Assigned task
Give back exactly the lines of the material below that start at the one holding "Samuel Jackson Beer Tshirt - Donkey Tees" and end at the last line, minus the pictures.

Provided data
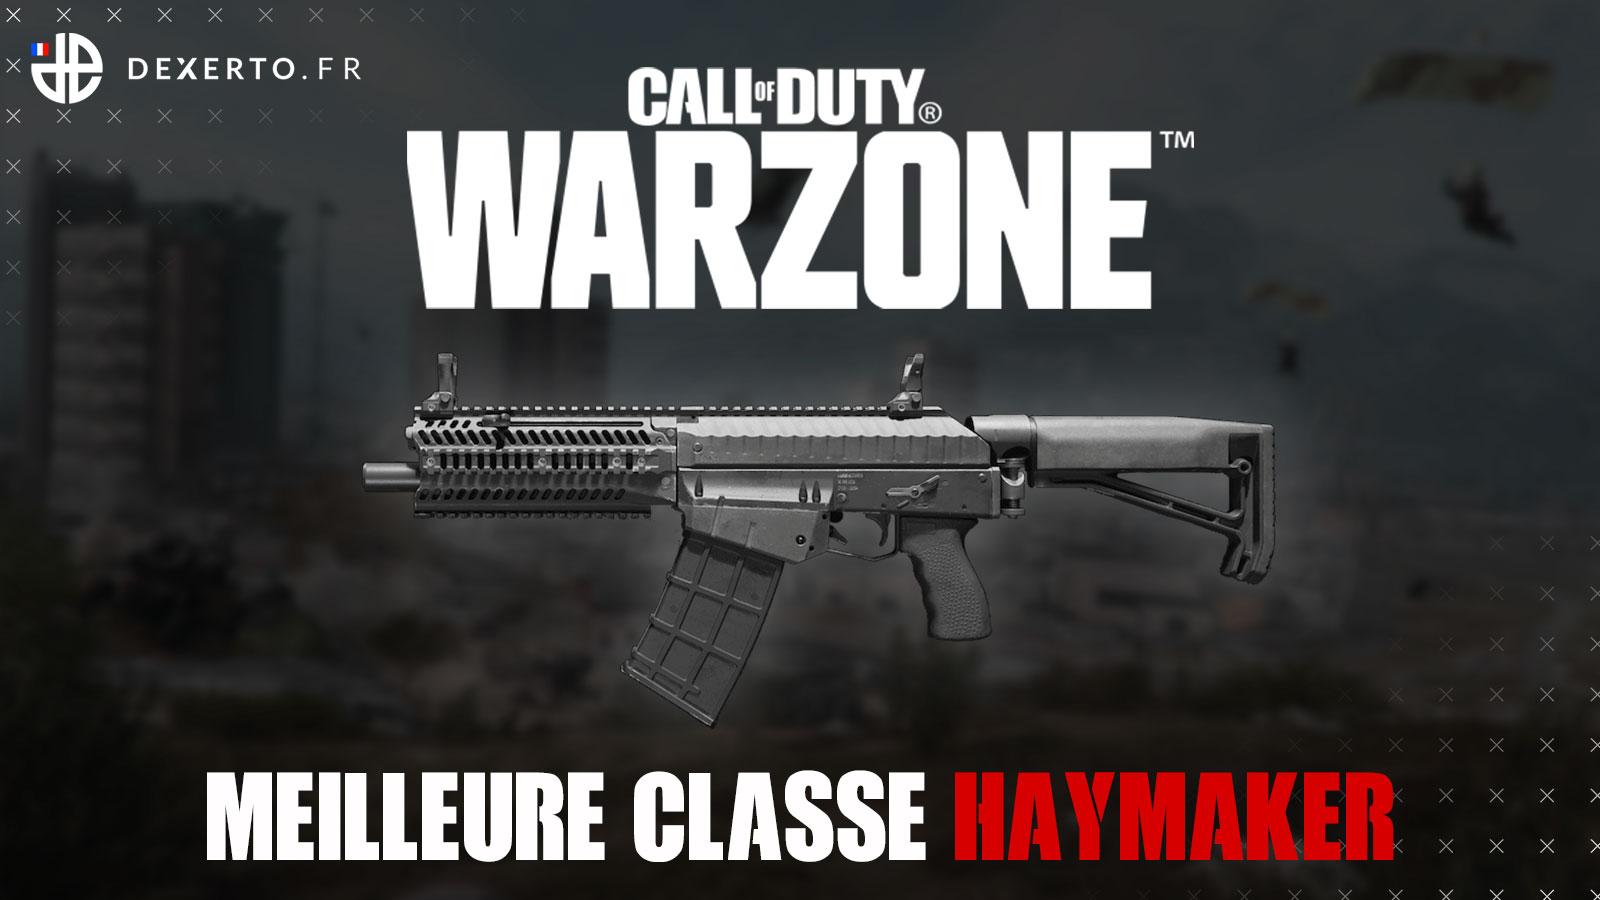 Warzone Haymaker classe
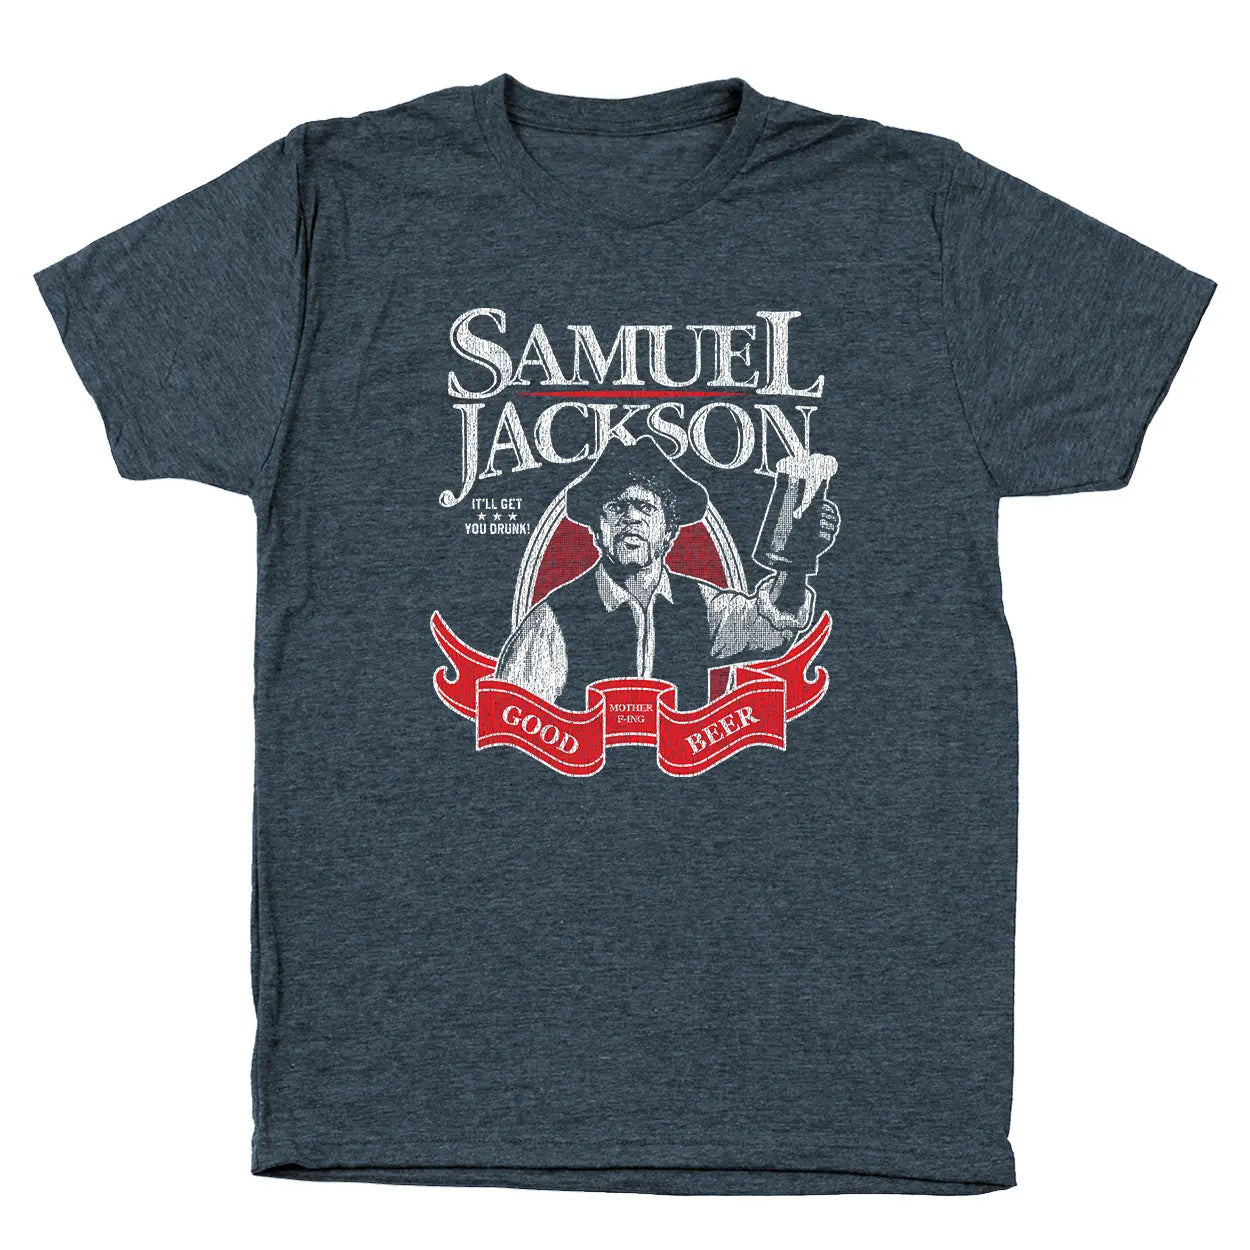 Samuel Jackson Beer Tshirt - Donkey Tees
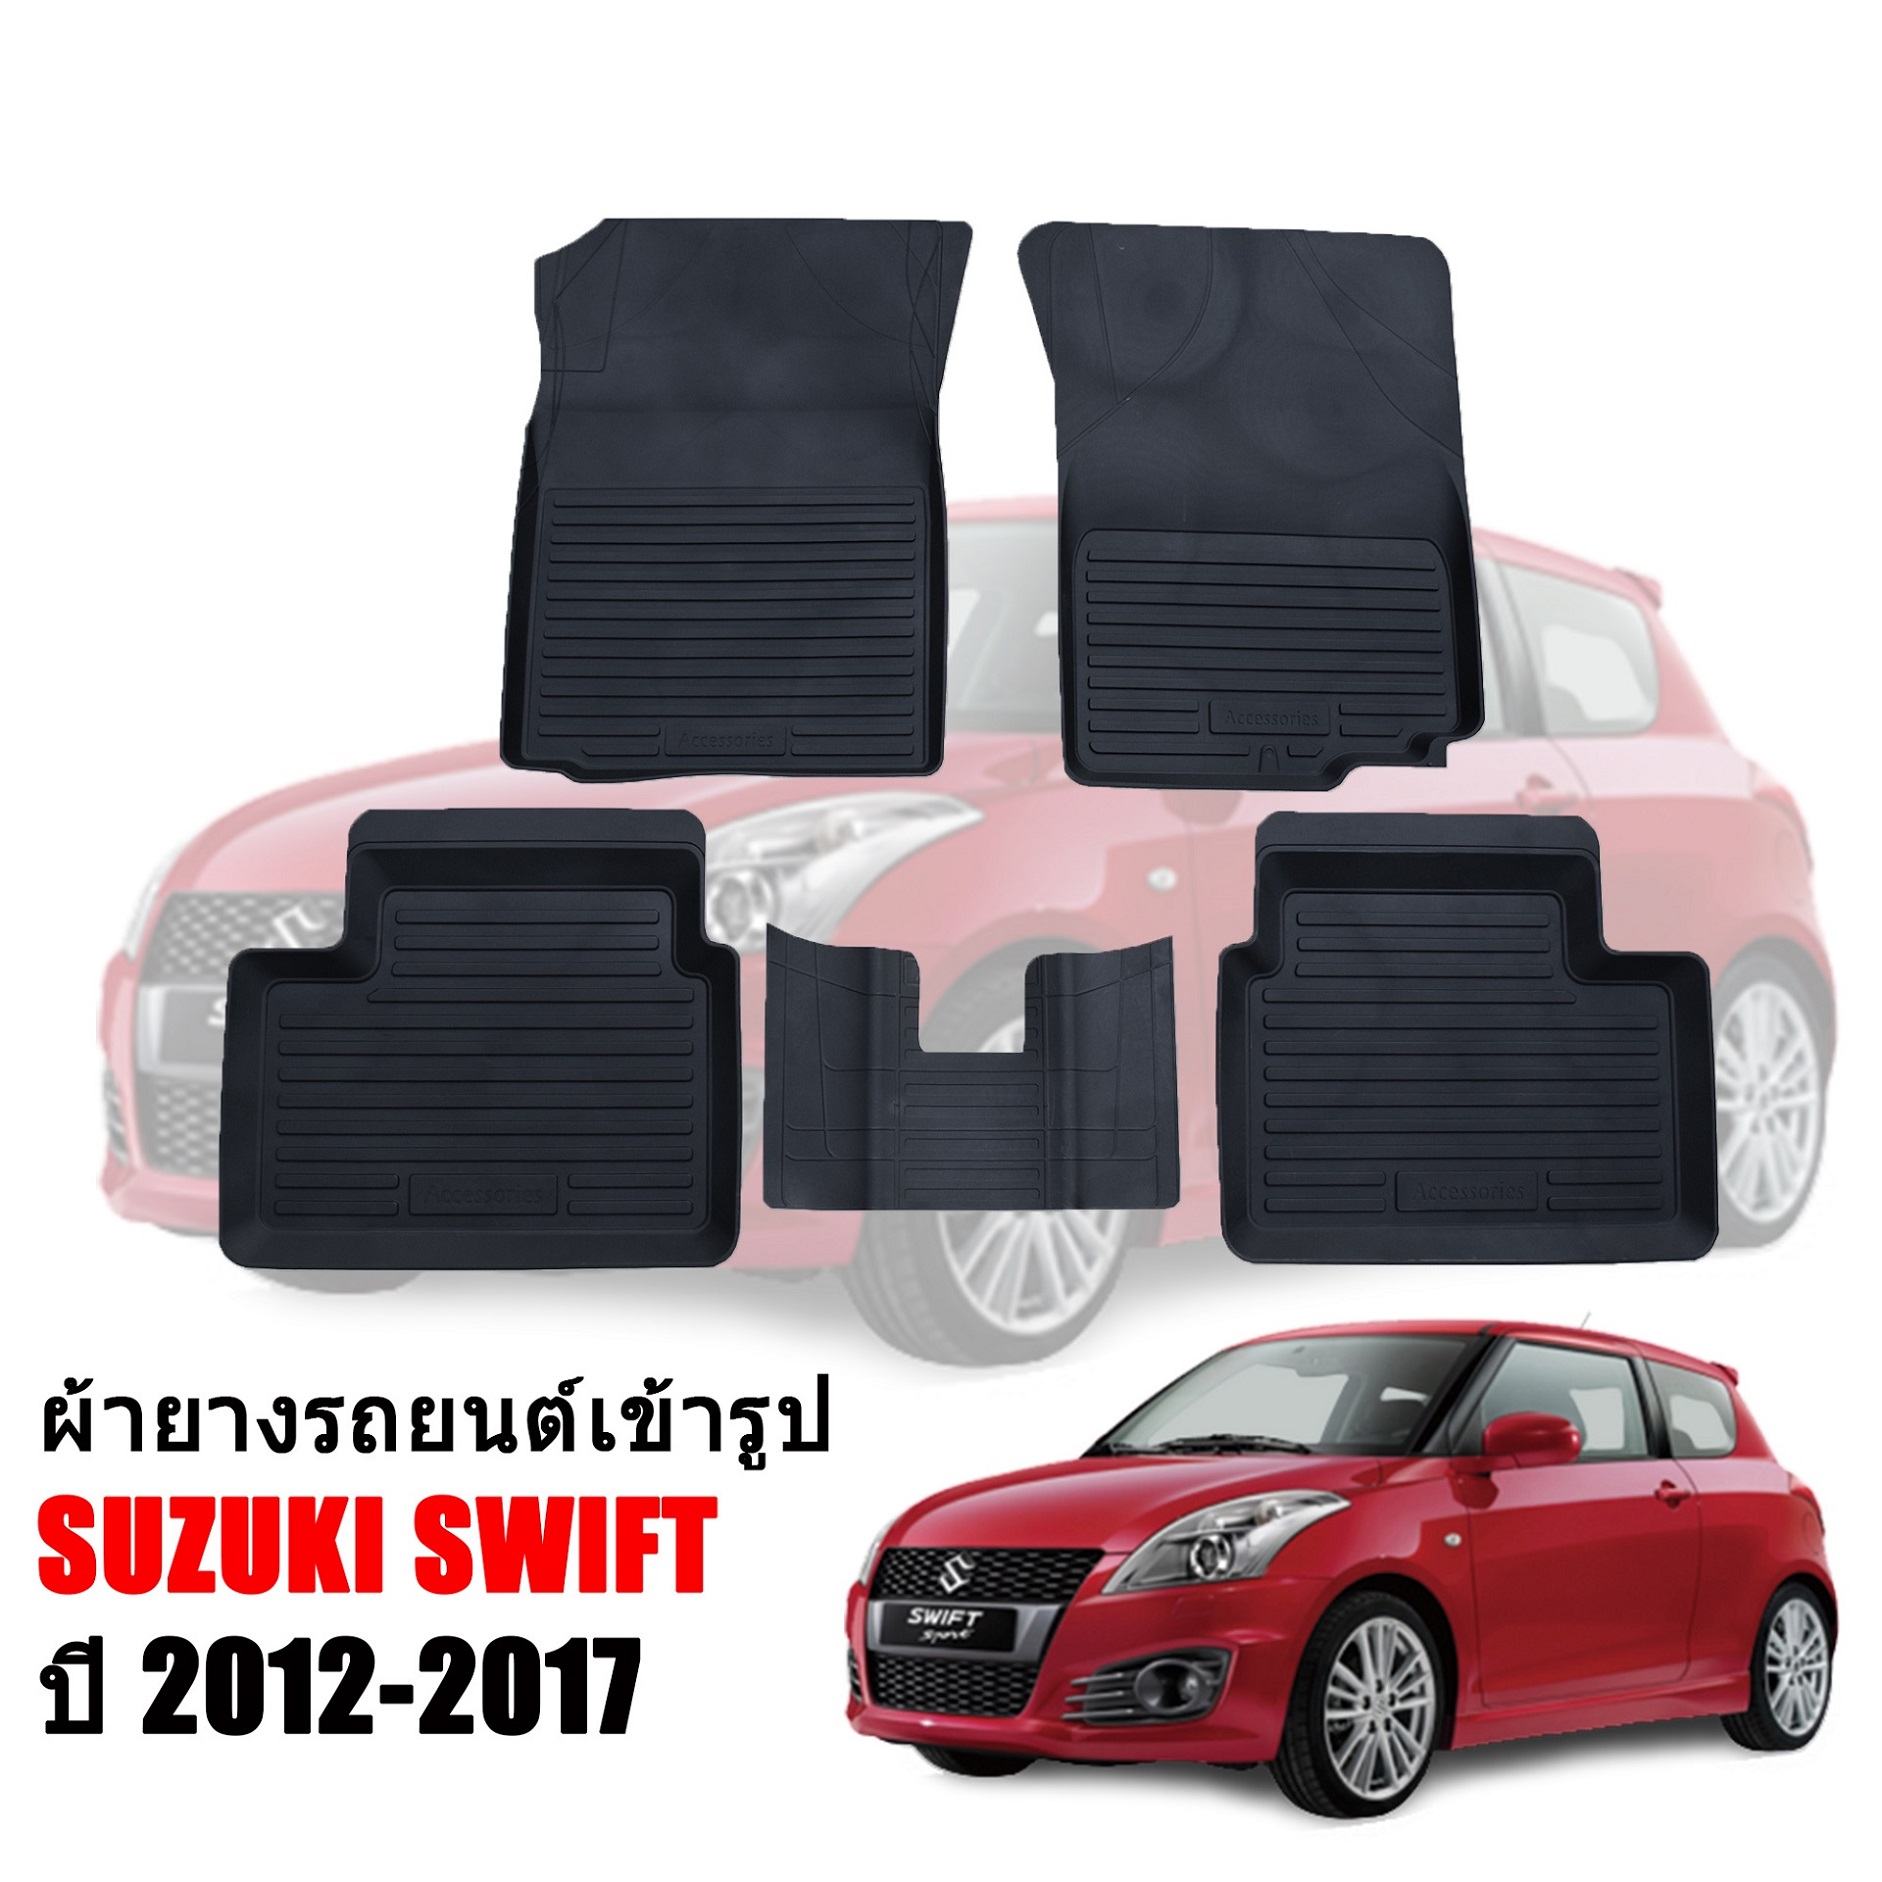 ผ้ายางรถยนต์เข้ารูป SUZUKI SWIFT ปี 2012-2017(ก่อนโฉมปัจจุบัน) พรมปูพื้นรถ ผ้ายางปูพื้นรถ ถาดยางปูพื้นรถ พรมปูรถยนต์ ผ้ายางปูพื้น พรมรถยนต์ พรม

Solution below
 Samuel Jackson Beer Tshirt - Donkey Tees
 ผ้ายางรถยนต์เข้ารูป SUZUKI SWIFT ปี 2012-2017(ก่อนโฉมปัจจุบัน) พรมปูพื้นรถ ผ้ายางปูพื้นรถ ถาดยางปูพื้นรถ พรมปูรถยนต์ ผ้ายางปูพื้น พรมรถยนต์ พรม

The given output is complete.